Some configuration options you might want to edit:
- I named the shared folder
/share
- In case you are interested in sharing read-only, uncomment the
READ_ONLY
flag. - In the persistent volume claim definition
create_nfs_volume.yaml
, modify the volume size (default is 10 GB) - Select the right IP in
service_nfs.yaml
for either Magnum or Kubespray (or you can delete the line to be assigned an IP by Kubernetes), this is an arbitrary IP, it just needs to be in the same subnet of other Kubernetes services. You can find it looking at the output ofkubectl get services
. So you could have 2 NFS servers in the same cluster with 2 different IPs.
First we create the PersistentVolumeClaim:
kubectl create -f create_nfs_volume.yaml
then the service and the pod:
kubectl create -f service_nfs.yaml
kubectl create -f nfs_server.yaml
I separated them so that later on we more easily delete the NFS server, but keep all the data on the (potentially large) NFS volume:
kubectl delete -f nfs_server.yaml
Test the NFS server
Edit test_nfs_mount.yaml
to set the right IP for the NFS server, then:
kubectl create -f test_nfs_mount.yaml
and access the terminal to test:
export N=default #set namespace
bash ../terminal_pod.sh test-nfs-mount
df -h
...
10.254.204.67:/ 9.8G 36M 9.8G 1% /share
...
We have the root user, we can use the terminal to copy or rsync data into the shared volume. We can also create writable folders owned by the user 1000
which maps to jovyan
in JupyterHub:
sh-4.2# mkdir readonly_folder
sh-4.2# touch readonly_folder/aaa
sh-4.2# mkdir writable_folder
sh-4.2# chown 1000:100 writable_folder
sh-4.2# ls -l /share
total 24
drwx------. 2 root root 16384 Jul 10 06:32 lost+found
drwxr-xr-x. 2 root root 4096 Jul 10 06:43 readonly_folder
drwxr-xr-x. 2 1000 users 4096 Jul 10 06:43 writable_folder
Preserve the data volume across redeployments
The NFS data volume could contain a lot of data that you would want to preserve in case you need to completely tear down the Kubernetes cluster.

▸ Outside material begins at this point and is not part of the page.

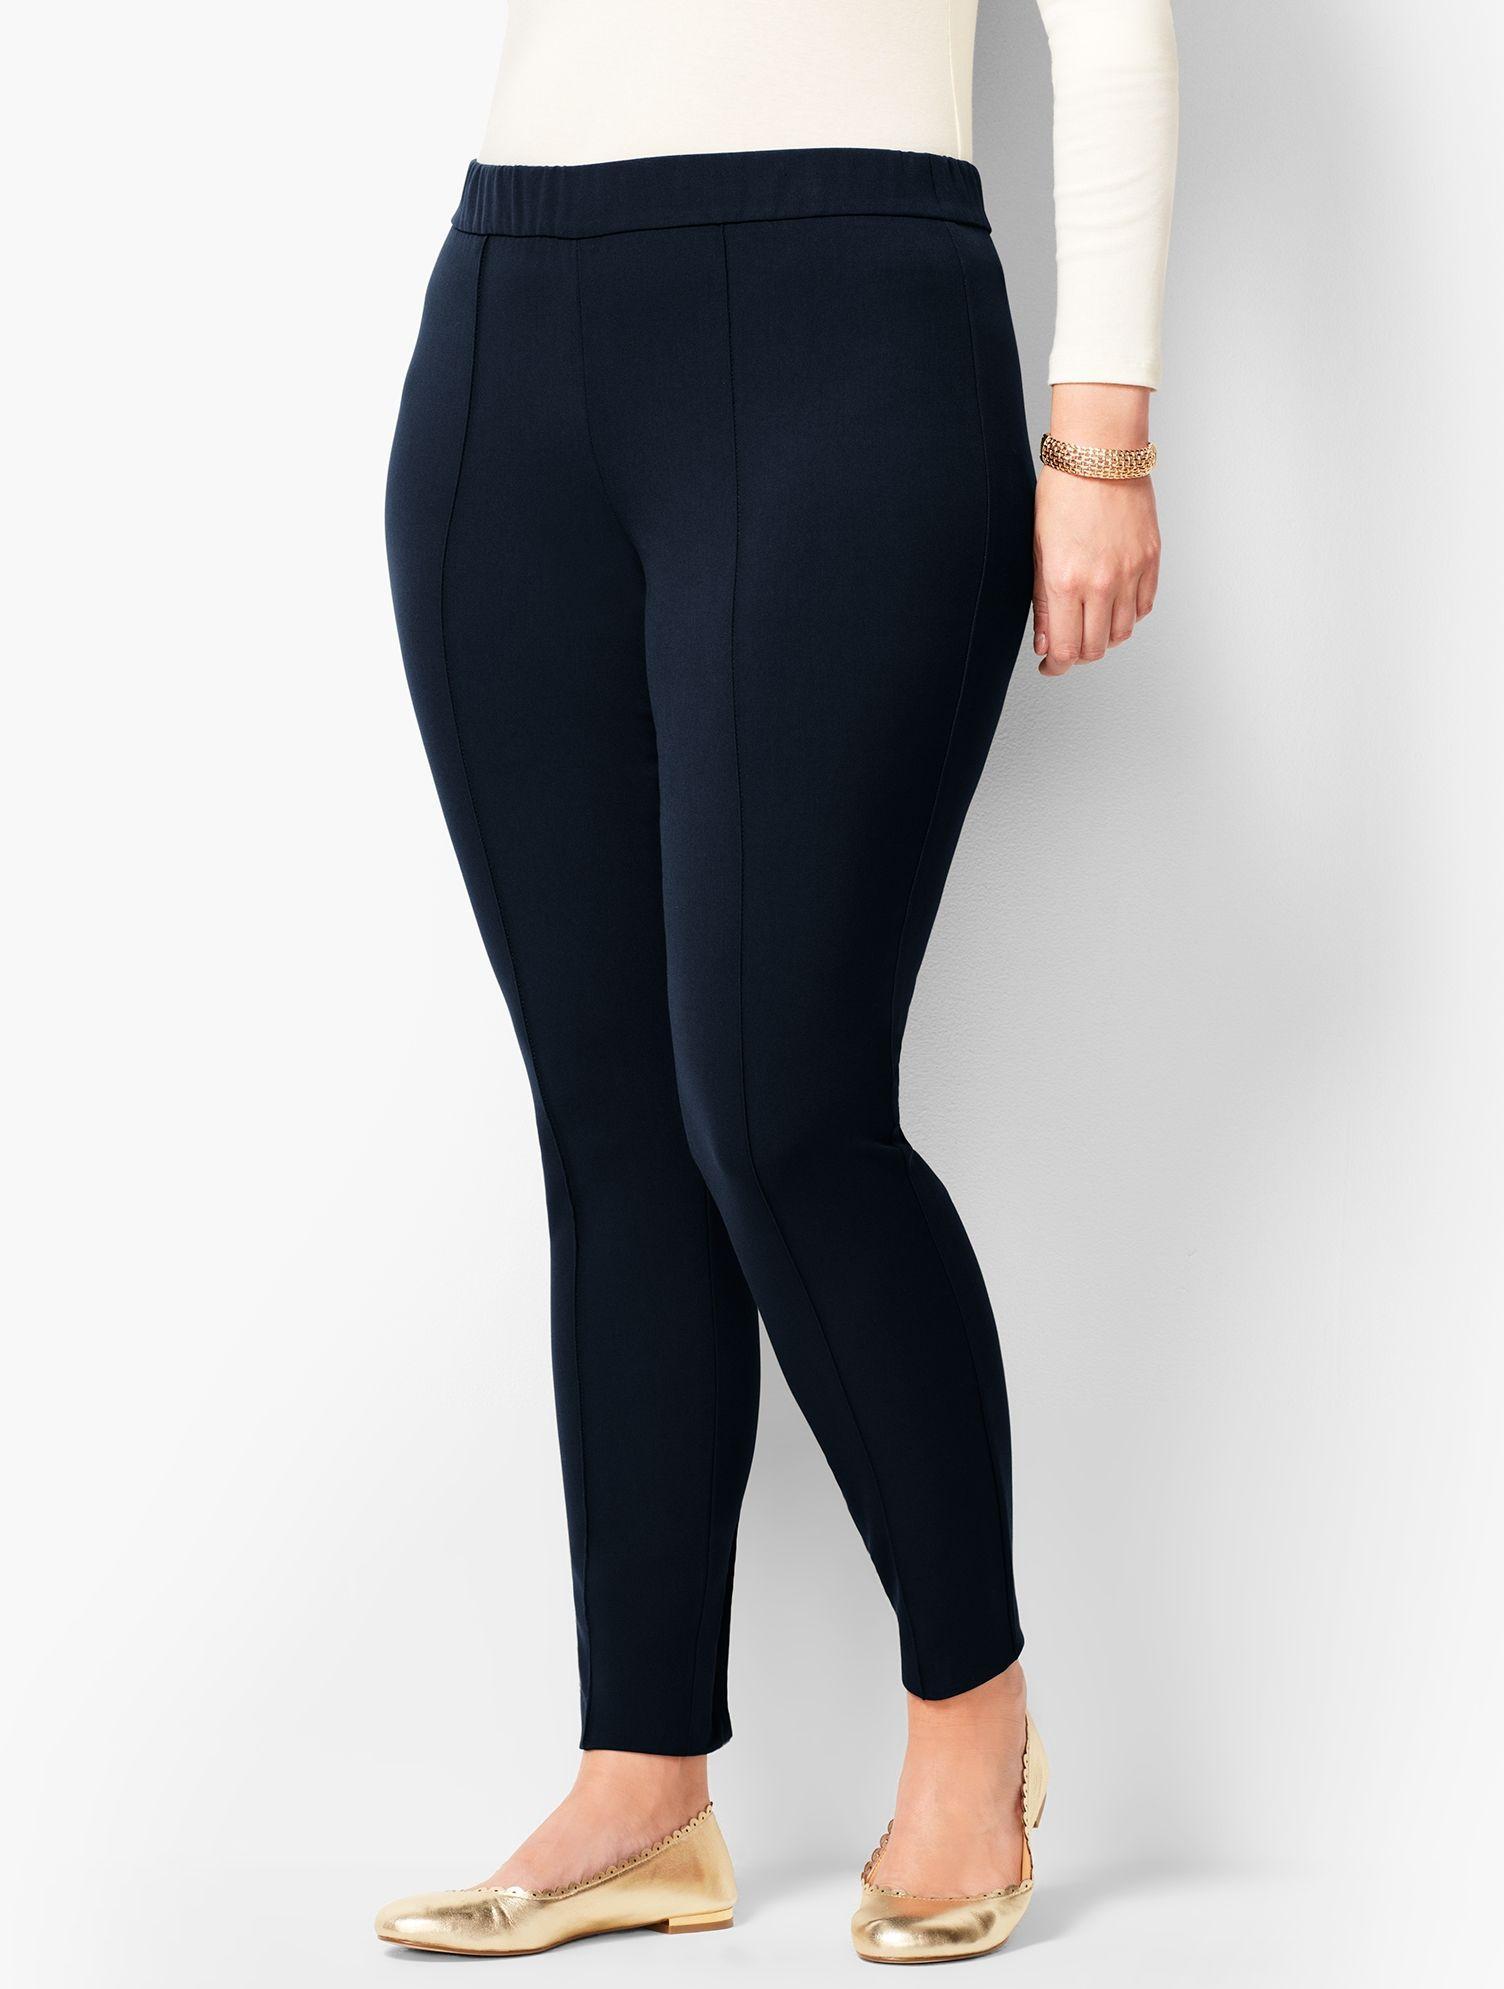 f233bec22521 Talbots. Women's Blue Plus Size High-waist Bi-stretch Skinny Ankle Pants

First we find out what is the ID of the PersistentVolume
associated with the NFS volume:
kubectl get pv | grep nfs
pvc-ee1f02aa-11f8-433f-806f-186f6d622a30 10Gi RWO Delete Bound default/nfs-share-folder-claim standard 5m55s
Then you can save the PersistentVolume
and the PersistentVolumeClaim
to YAML:
kubectl get pvc nfs-share-folder-claim -o yaml > existing_nfs_volume_claim.yaml
kubectl get pv pvc-ee1f02aa-11f8-433f-806f-186f6d622a30 -o yaml > existing_nfs_volume.yaml
Next we can delete the servers directly from Openstack, be careful not to delete the PersistentVolume
or the PersistentVolumeClaim
in Kubernetes or the underlying volume in Openstack will be deleted, also do not delete the namespace associated with those resources.
Finally redeploy everything, and instead of launching create_nfs_volume.yaml
, we create first the PersistentVolume
then the PersistentVolumeClaim
:
kubectl create -f existing_nfs_volume.yaml
kubectl create -f existing_nfs_volume_claim.yaml
Troubleshooting
- Consider that if you reboot or re-create the NFS server, the user pods need to be restarted, otherwise the NFS volume hangs.
- If you get the error
bad option; for several filesystems (e.g. nfs, cifs) you might need a /sbin/mount.<type> helper program.
, it means you do not have a NFS client on the host. Make sure you install the right package, for Ubuntu/Debian it isnfs-common
. This should be taken care of by Kubespray if using my deployment tutorial.